Film de Sylvie Verheyde
Année de sortie : 2008
Pays : France
Scénario : Sylvie Verheyde
Photographie : Nicolas Gaurin
Montage : Christel Dewynter
Musique : NousDeux the band
Avec : Léora Barbara, Benjamin Biolay, Karole Rocher, Mélissa Rodrigues, Guillaume Depardieu
Avec son film Stella, Sylvie Verheyde parvient, avec beaucoup de justesse, à nous faire partager le point de vue de sa jeune et attachante héroïne grâce à une écriture limpide, une réalisation sensible et cohérente, ainsi que de précieux comédiens.
Synopsis du film
France, 1977. La jeune Stella (Léora Barbara) entre en sixième, dans un collège parisien un peu huppé. Elle vit, avec ses parents (Benjamin Biolay et Karole Rocher), dans le café tenu par ceux-ci, en proche banlieue.
Rapidement, Stella se découvre des différences avec les autres élèves, et des lacunes aussi, sur le plan des connaissances, tandis qu’à la maison, les soirées bruyantes et tardives ne l’aident pas à se concentrer. Elle va tenter, malgré ces obstacles, de passer tant bien que mal cette première année au collège ; heureusement, son amitié avec Gladys (Mélissa Rodrigues) va lui donner du baume au cœur. Entre sa mère et son père, en revanche, la situation n’est pas au beau fixe…
Critique de Stella
J’ai voulu faire un film à hauteur d’enfant
, a dit lors d’une interview la réalisatrice Sylvie Verheyde à propos de son troisième long métrage, Stella. En effet, dès les premières images, on comprend que le point de vue adopté par le film est exclusivement celui de sa protagoniste, une adolescente d’une douzaine d’années. Ce parti pris se traduit à la fois par la manière de filmer (par exemple, on voit souvent ce que voit Stella, avec un angle de vue correspondant à la taille d’un enfant), et par une voix-off nous livrant les pensées du personnage « au présent ».

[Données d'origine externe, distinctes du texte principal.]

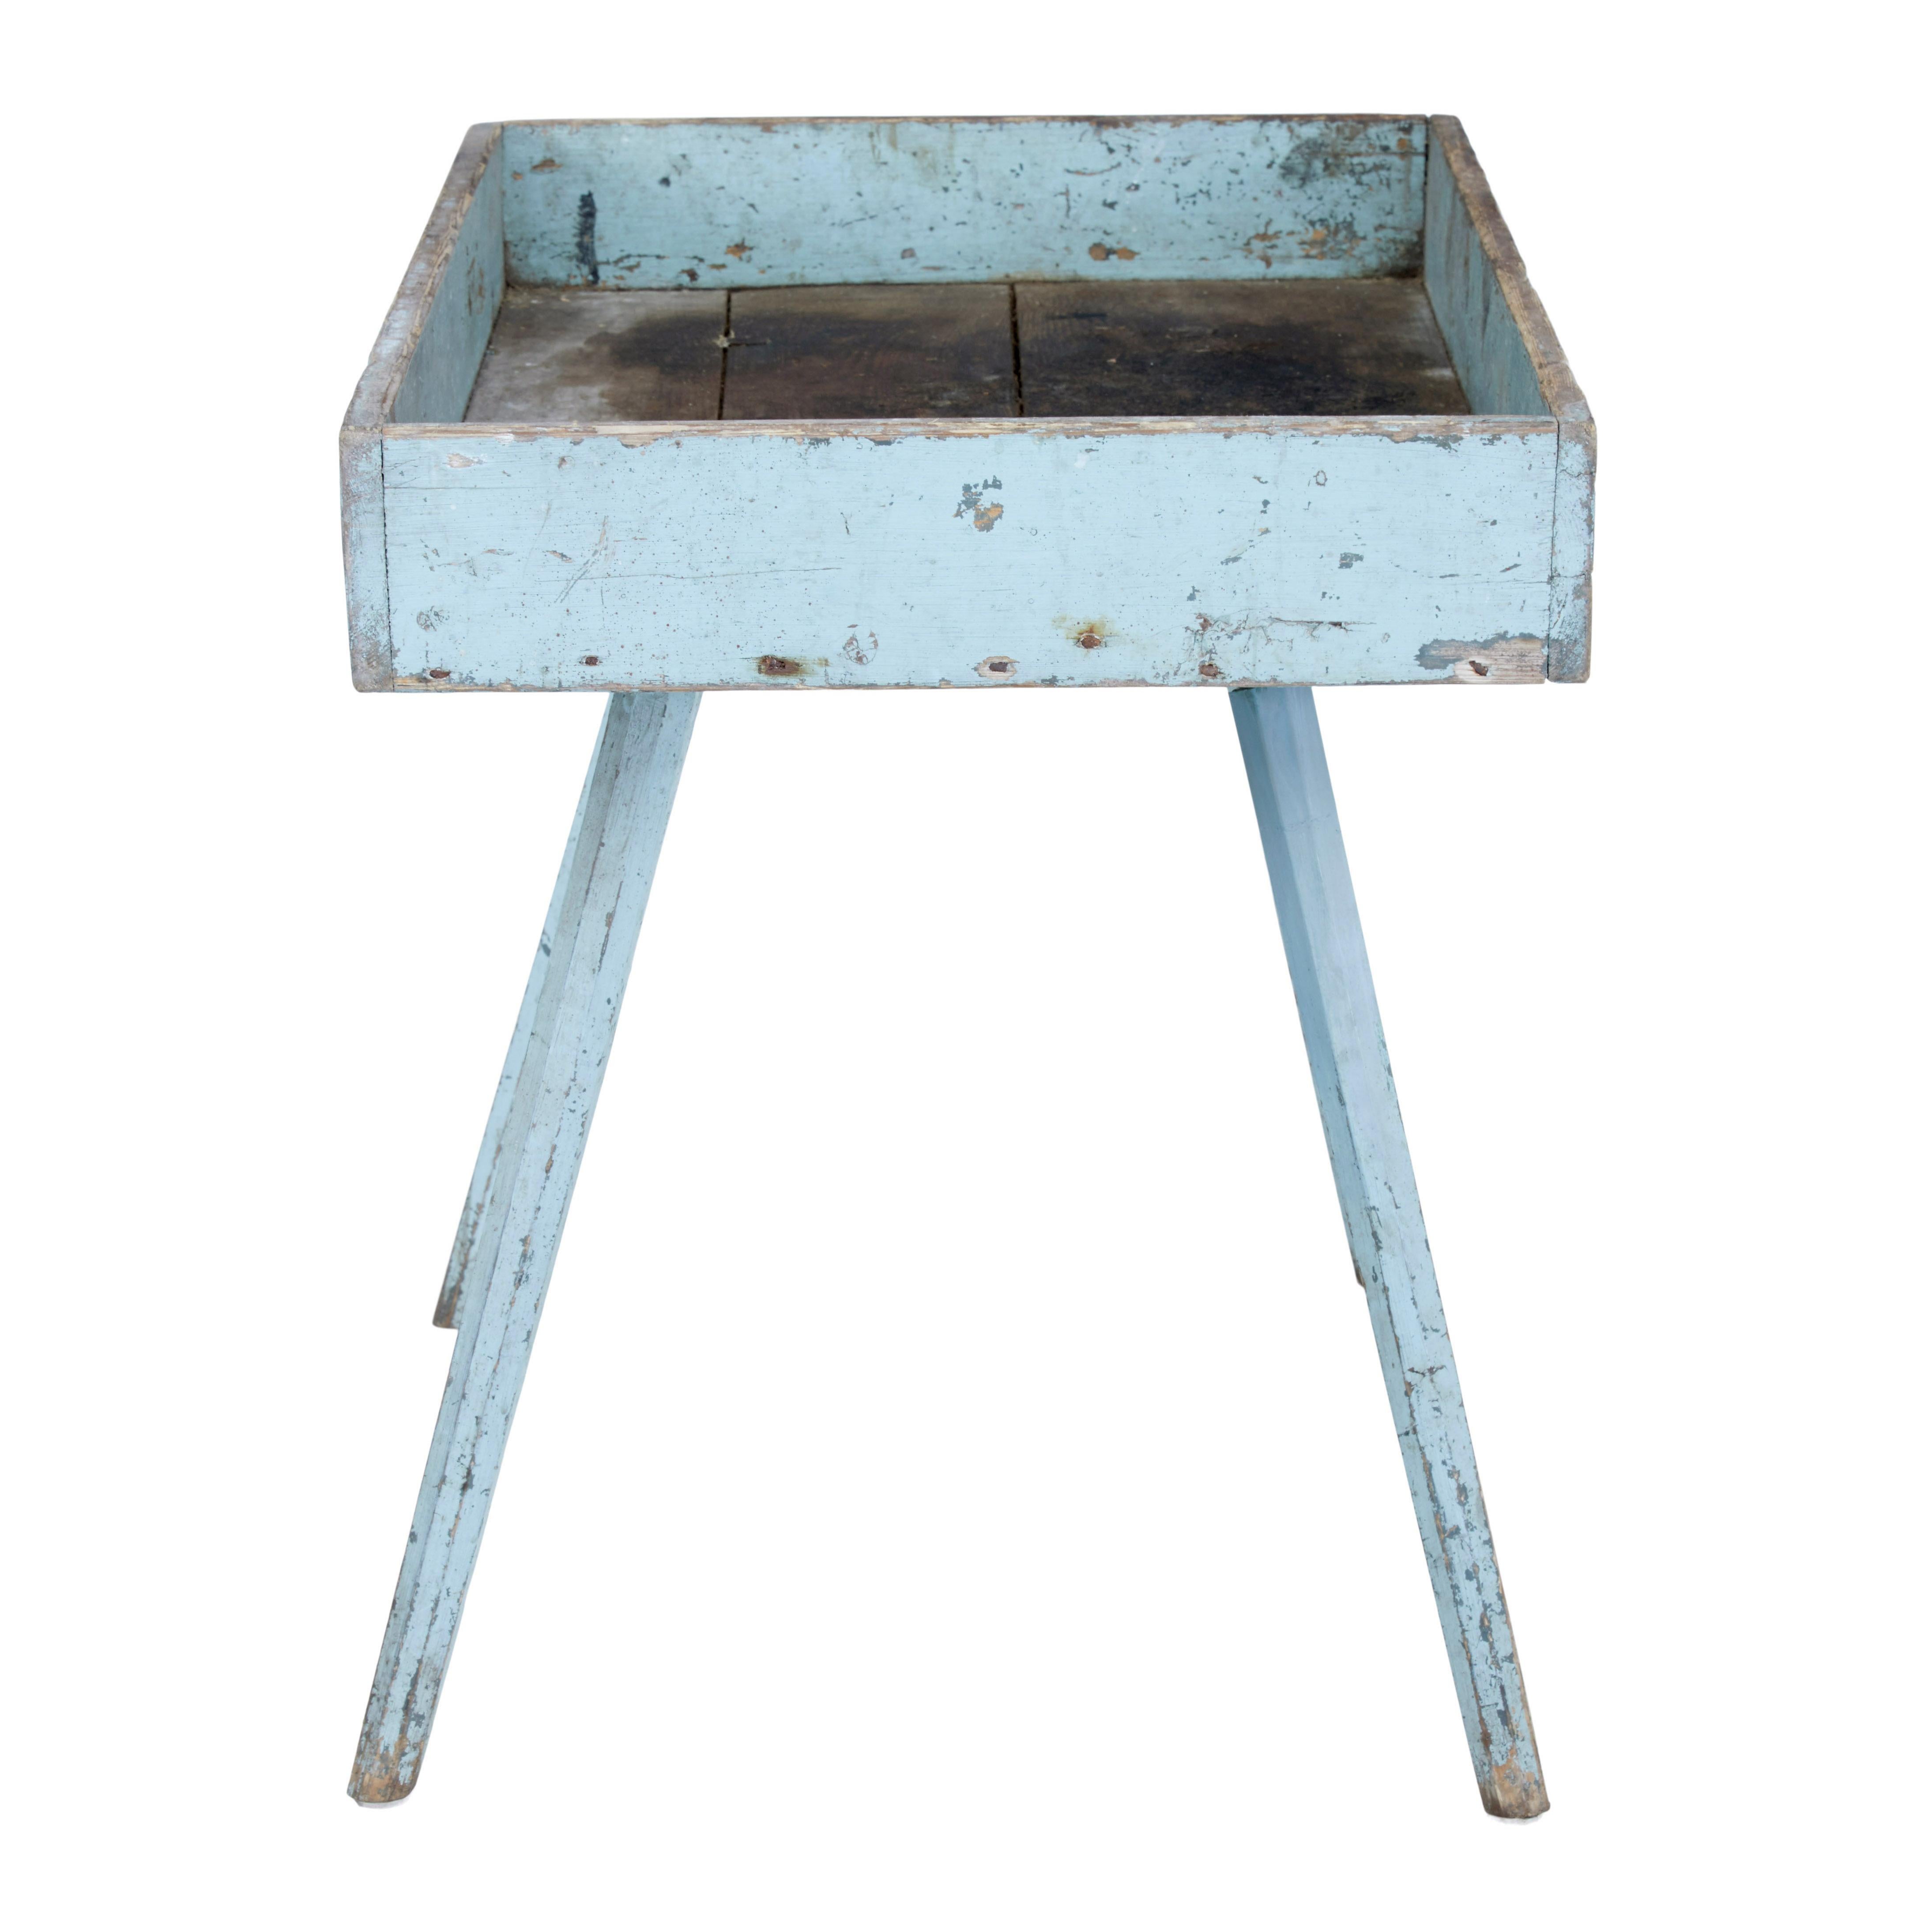 19th Century Rustic Painted Pine Garden Room Tray Table For Sale 3

Ce n’est pas facile, d’écrire du point de vue d’un enfant, quand on est devenu adulte ; Sylvie Verheyde y parvient très bien : le texte de la voix-off est d’une justesse remarquable. Non seulement elle est utilisée à bon escient, mais chaque mot tombe juste, et nous éclaire sur l’expérience souvent difficile de cette petite fille devant composer, à l’école, avec des codes qui ne sont pas les siens, et à la maison avec un climat qui a son charme, mais qui est très adulte, bruyant, parfois brutal et sombre.

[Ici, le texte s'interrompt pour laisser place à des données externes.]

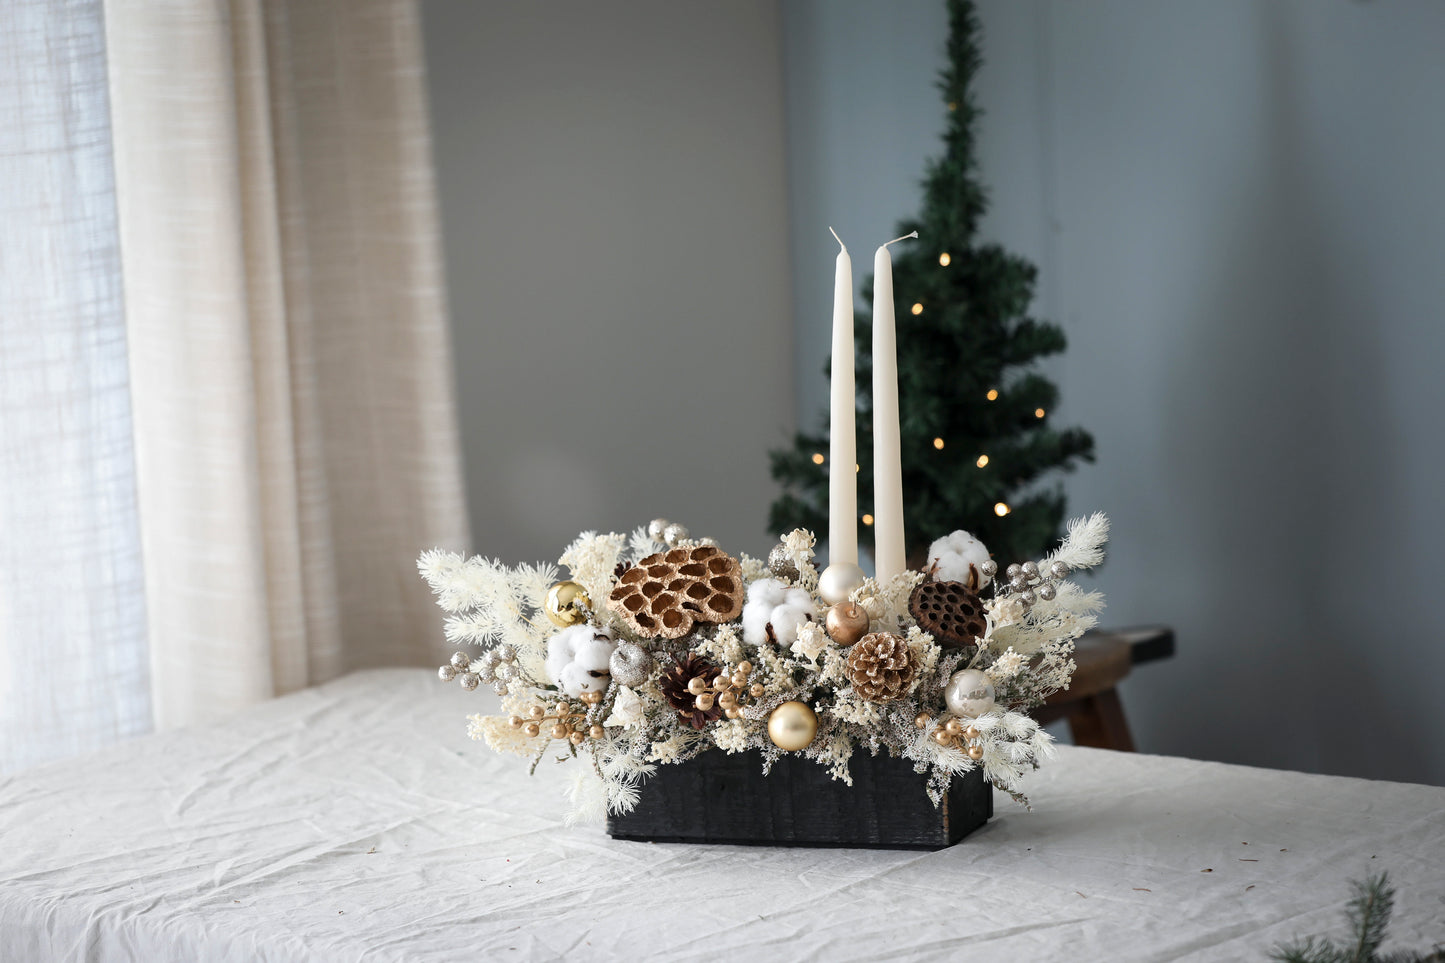 Gold & White Ornaments Candle Centerpiece

Cet environnement familial assez atypique (Stella est la fille unique de deux cafetiers, comme la réalisatrice d’ailleurs : le film semble en partie autobiographique) lui apporte des atouts, dont une certaine maturité et une connaissance aiguë, pour son âge, de la nature humaine. En revanche, du côté de la culture générale et des disciplines scolaires, c’est plus difficile ; sans compter que faire ses devoirs dans le brouhaha d’un café enfumé n’est pas la chose la plus facile au monde… Par ailleurs, Stella trouve les filles du collège parisien huppé qu’elle fréquente plus jolies, plus propres, mieux habillées qu’elle. Un complexe de classe, essentiellement, dont le film rend très bien compte.
Stella raconte donc comment une élève de sixième issue d’un milieu modeste se dépatouille, avec ses forces et ses faiblesses, dans un environnement qui lui est en partie étranger. C’est un récit assez universel dans l’absolu, tout l’enjeu, quand on aborde ce type d’histoire, étant de parvenir à leur donner une dimension intime et singulière, sans quoi on risque de dérouler des lieux communs, des schémas d’opposition binaires, et des personnages « symboles » sans grande consistance.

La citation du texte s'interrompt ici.